Вероника Кунгурцева - Дроздово поле, или Ваня Житный на войне
— Как что, как что?! Ты сдурел, что ли?! А вдруг это убийцы-рецидивисты?!
Но домовик и на «убийц-рецидивистов» не среагировал: мол, с волками жить — по-волчьи выть!
— Ну, раз та-ак! — воскликнул мальчик: — Тогда я умываю руки!
— Какие ставки? — спросил Шишок, возвернувшись. Но гости отвечали: дескать, играть предлагаем на желание…
— В «американку» что ль? — уточнил Ваня. Но Игнатий покачал головой, нет, играем в буру, а выигравший загадывает, чего он хочет: ежели тот игрок гостем окажется, хозяева исполняют желание, а ежели везунчик из хозяев, то, соответственно, гости исполняют желание доможилов. Шишок закричал:
— Не, так не пойдет! Кто вас, с вашими желаньями, знает…

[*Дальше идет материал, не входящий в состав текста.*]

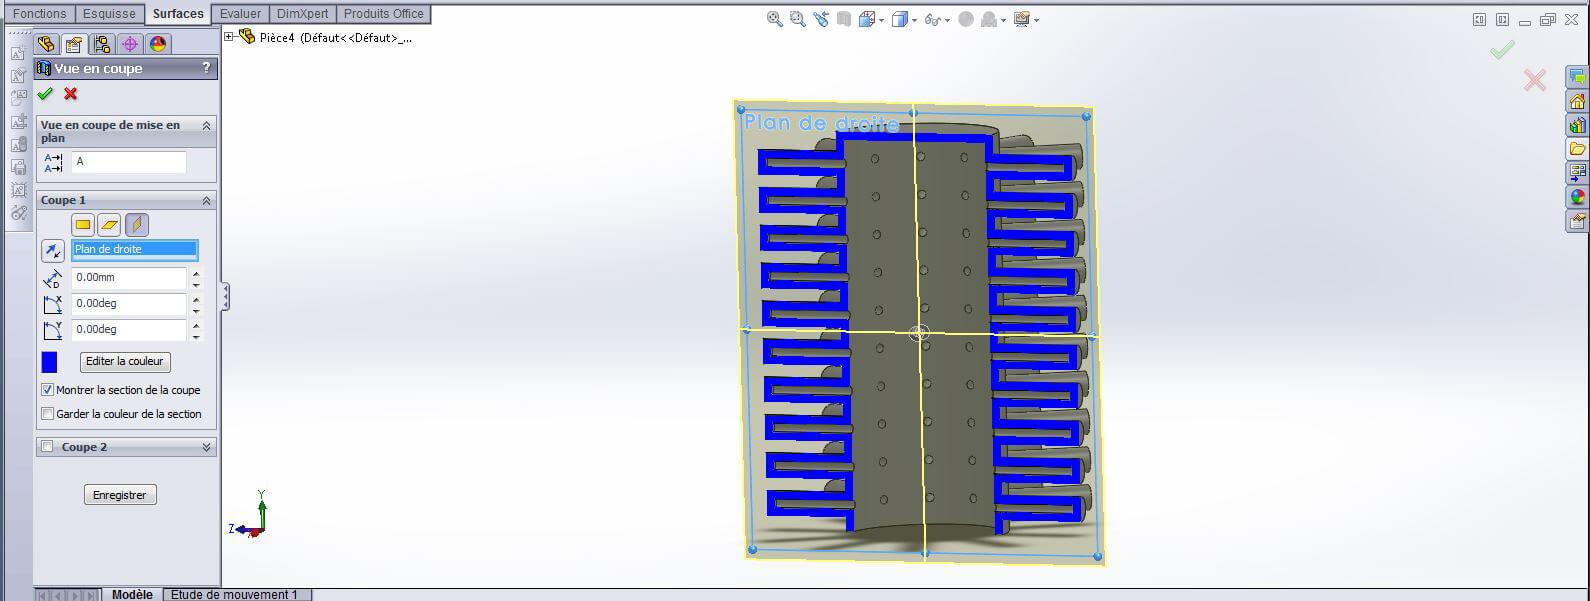 Solidworks 3d modeling tutorial for 3d printing solidworks solidworks baditri Images

Кресимир с Игнатием переглянулись и, сверху вниз глядя на домовика, с пренебрежением проговорили, мол, в штаны наложил, что ли, игрок ты никудышный, а еще — в красном берете, небось, подтибрил где-нибудь берет и красуешься!
— Я — подтибрил?! Я — в штаны наложил?! — Шишок так разволновался, что глаза у него покраснели, как косовские божуры. — Да я кровь за Родину проливал! Руки на фронте лишился! — домовик предъявил пустой пятнистый рукав и выпятил грудь с пристегнутой к карману медалью «За отвагу». Но гости, видать, в наградах не очень-то разбирались. — А берет мне сам Медведь вручил — тоже не за просто так…
Ваня шепнул Шишку: дескать, правильно, не надо с этими мазуриками играть! Но слова мальчика возымели противоположный эффект… Домовик, крикнув:
— Я, хозяин, ничего еще не решил! — неожиданно согласился на «американку»! Дескать, ла-адно, хотите — давайте сыграем на желание, посмотрим еще кто кого, только потом не жалуйтесь! Я, дескать, такое желание загадаю…
Раздали по три карты, принялись объяснять правила — и в пробной игре победила… Златыгорка! Шишок пробормотал:
— Фортуна-фортуна, повернись к лесу задом, ко мне передом!
И стали играть всерьез, причем на этот раз раздали карты и «болвану».
Ваня подозревал, что зэки будут мухлевать, и пытался контролировать игру, но без большого успеха. Впрочем, и Гордана, видать, вовсю старалась выиграть, ничем для этого не брезгуя, к тому же колоду она знала, как свои пять пальцев, поэтому неизвестно еще, кто победит. Хотя, с другой стороны, кто знает, какие и у цыганки желания!.. Одним словом, игра шла напряженная.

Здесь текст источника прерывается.